The lips have shrunken and peeled back, revealing overly large teeth in blackened gums.
Sister Ursula can do nothing but stare at it in horror.
Just as happened on the road, panic possesses her.
It makes her mind and memory flicker. One moment, she is standing in the hallway of the deserted house, staring at the revenant on her doorstep, trying not to gag at the scent of rot and freshly turned earth that clings to its desiccated skin and the remnants of its clothes; the next, she is being dragged through the empty street.
“Please,” she babbles over and over again, “please don’t hurt me. ”
She only snaps out of this state of fear-induced madness when she stumbles over a bit of broken rock and hits the ground with her wounded knee. She can’t even scream, the pain is so intense. It batters her and sickens her. For a moment, there is nothing else.
When she comes to, the revenant has hoisted her to her feet.
The agony of her knee has broken the choke hold panic had on her, allowing her to think.
“In the name of our Lord and Savior Jesus Christ, I beg of you: Please stop whatever you are doing and let me go,” she pleads.
“I’m sorry, but I truly don’t understand,” the walking corpse answers, perfectly echoing Sister Ursula’s earlier remark. Its face remains slack, its eyes empty and dead.
It doesn’t understand what it’s saying, she realizes. It just mimics what it has heard its victims say in order to lure the living close so it can eat us. She knows then that her begging is useless.
But she can’t just let it drag her away to God knows where to do God knows what. If she has learned one thing since meeting Elsebeth, it is that doing nothing will get you killed.
What did Elsebeth tell her again about revenants? All the different ones are blending together in her mind, but she said they are often the playthings of Satan, didn’t she? If that is true, then perhaps she can cast him out and in that way return this revenant to being a simple unmoving corpse.

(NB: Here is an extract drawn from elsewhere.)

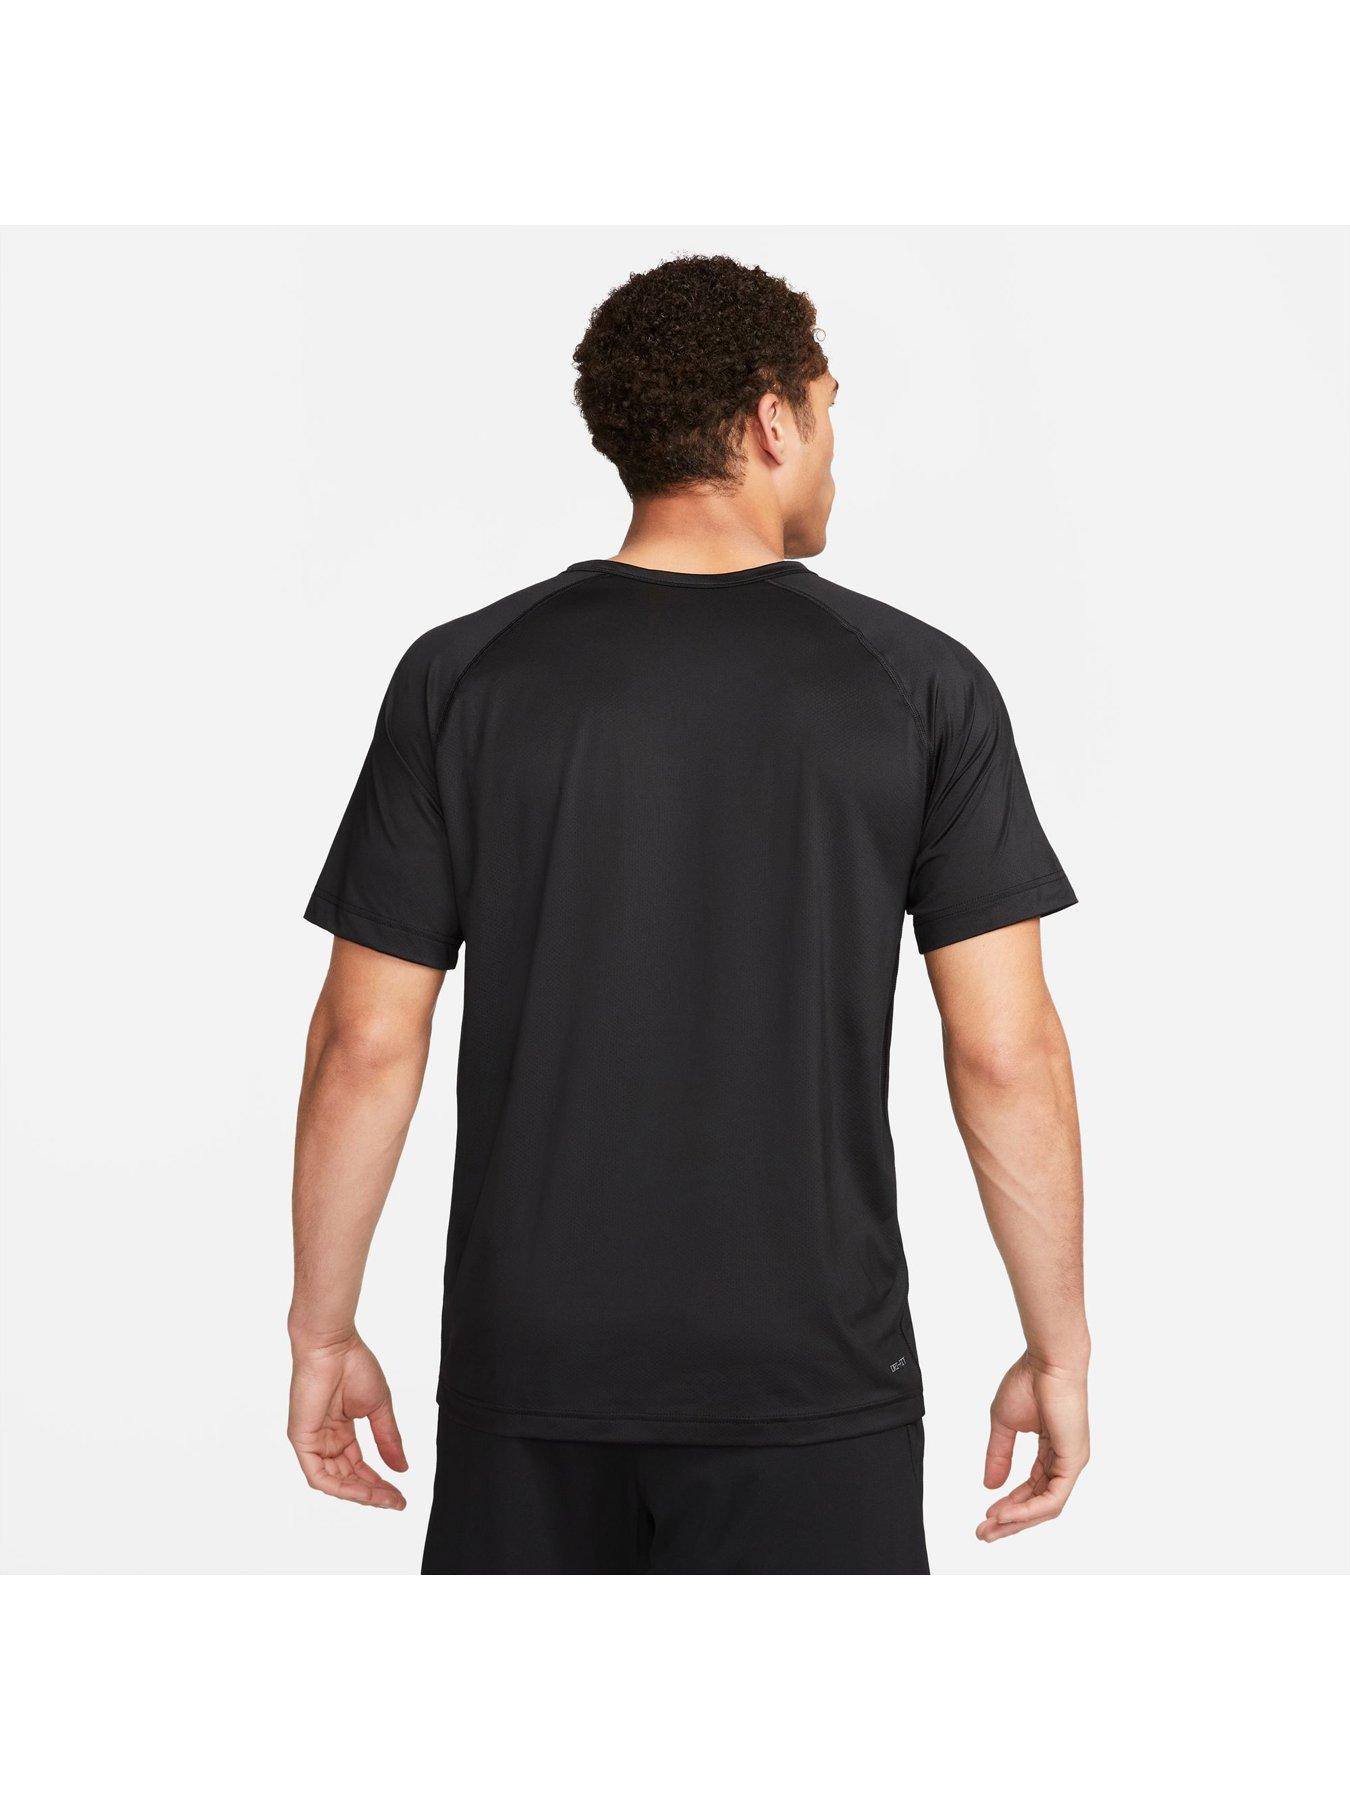 Nike Train Dri Fit Yoga T-shirt

She reaches for her rosary, raises the little cross at the end of the chain, and begins to pray the rites of exorcism. She does not know them fully—only priests are allowed to perform them, and she has only attended two exorcisms in her entire life—but she is desperate.

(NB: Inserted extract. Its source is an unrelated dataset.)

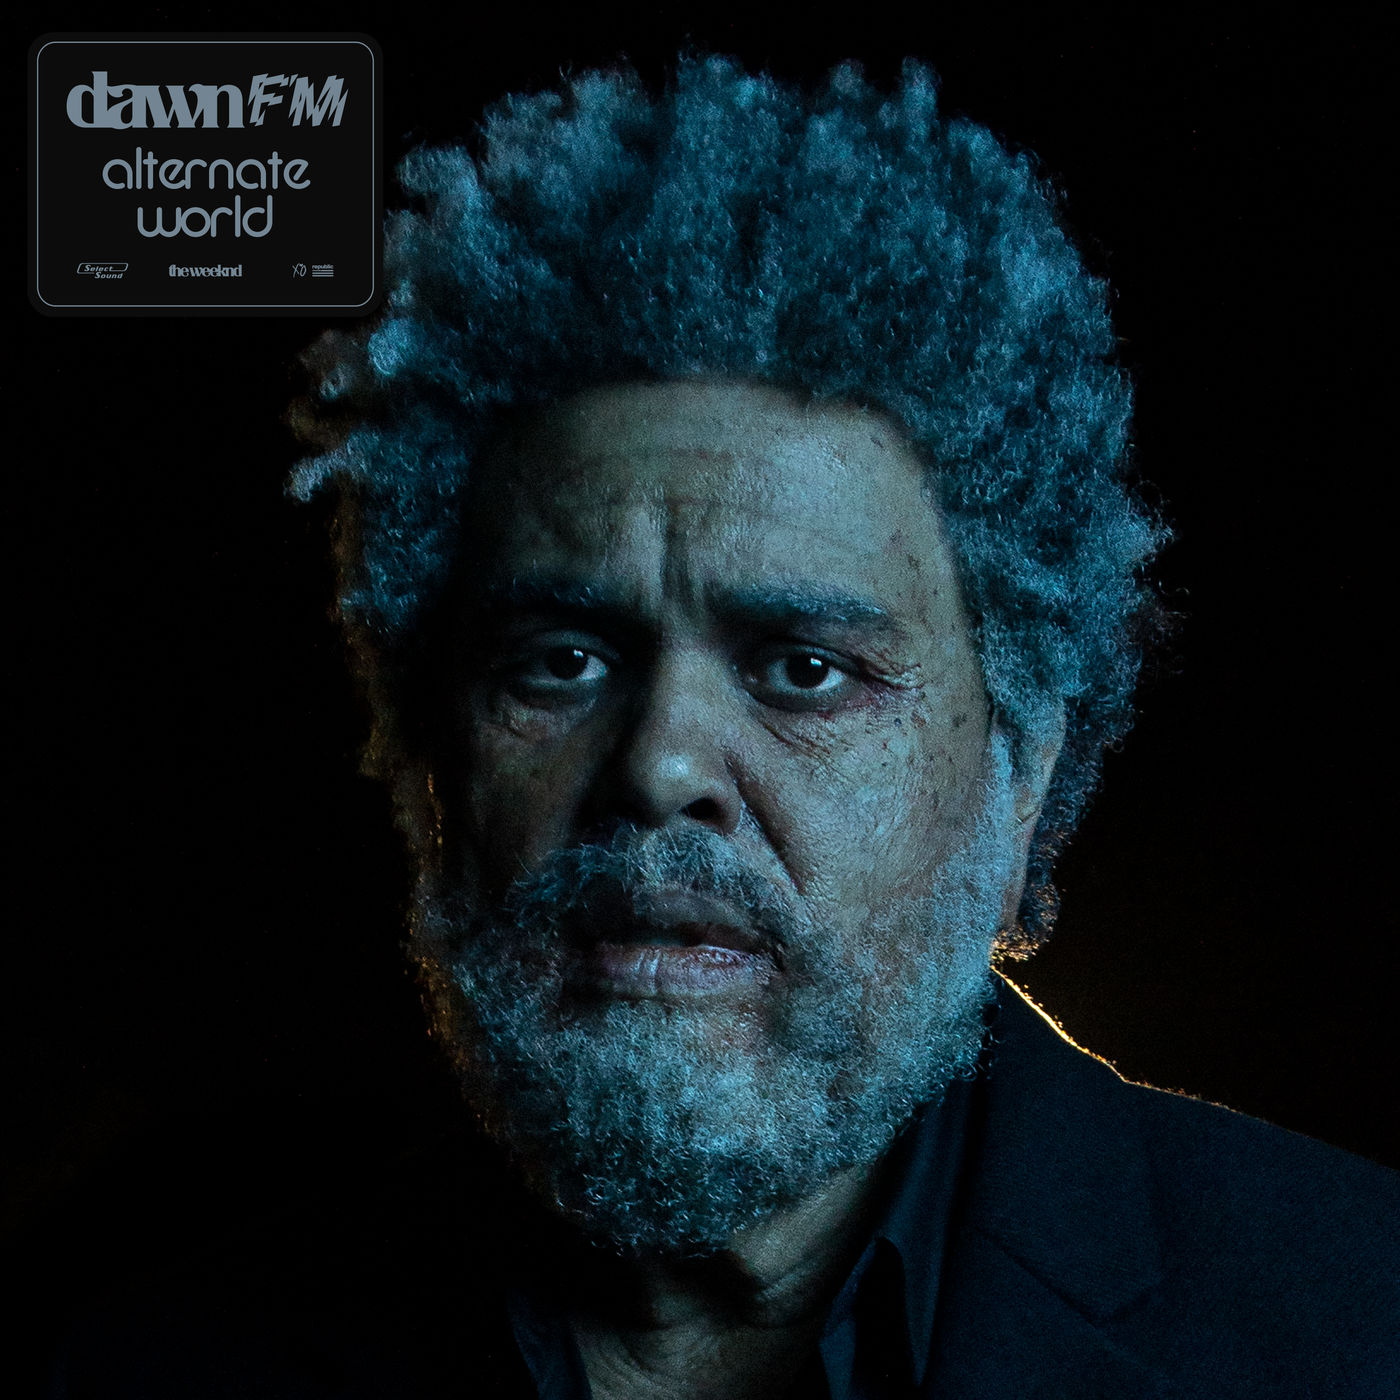 The Weeknd – Dawn FM (Alternate World)【44.1kHz／24bit】美国区-OppsUpro音乐帝国

Soon, the revenant repeats the sacred words back to her in the way of some birds: perfect in pitch yet empty of understanding.
Tears of anger and frustration burn in her eyes. She knows this devil’s puppet doesn’t consciously mean to make a mockery of her prayers, but it’s still atrocious. She digs her heels into the wet ground, gritting her teeth against the daggerlike pain in her knee, and hisses, “Begone, thou demon!”
The revenant only cocks its head. In the dark, its eyes shine bright as newly minted coins.
It says, “Seven already dead from the Hungarian sickness. How many more will you take, oh Lord?” Then, it tears the rosary from around her throat.
The chain cuts into her skin before it breaks. The creature drops it into the dirt.
“No!” Sister Ursula wails. She reaches for her beloved rosary.
The beads are as familiar to her as her own hands.
The exorcism may not have worked, but if she can take hold of it and undo the knots that keep each bead in place, she can scatter some of them in front of the revenant, just as Elsebeth scattered the pebbles around that poor peasant’s corpse.
It will be compelled to count them, but because it can’t count beyond two, it will soon get stuck, and then she…
Her fingertips brush the cord, but before she can grip it, the revenant roughly hauls her away.
For a beat, despair and panic drown out all other thoughts again, though this time, it’s not long until the pain in her knee carves out a space in her consciousness. Perhaps Sister Valentina was right to thank God so passionately for her suffering after all.
Everything for Jesus, she thinks and laughs, or perhaps sobs.
By now, they have left the village, and the revenant is taking her down a rutted road, the black earth hard as stone due to frost. She wishes she could fight it, could flee, but her body, ever the traitor, won’t obey her, and so she lets the revenant lead her as if she is a dog and it her master.
A bead of blood from the cut her rosary made as it was torn from around her neck rolls down her spine. She shivers.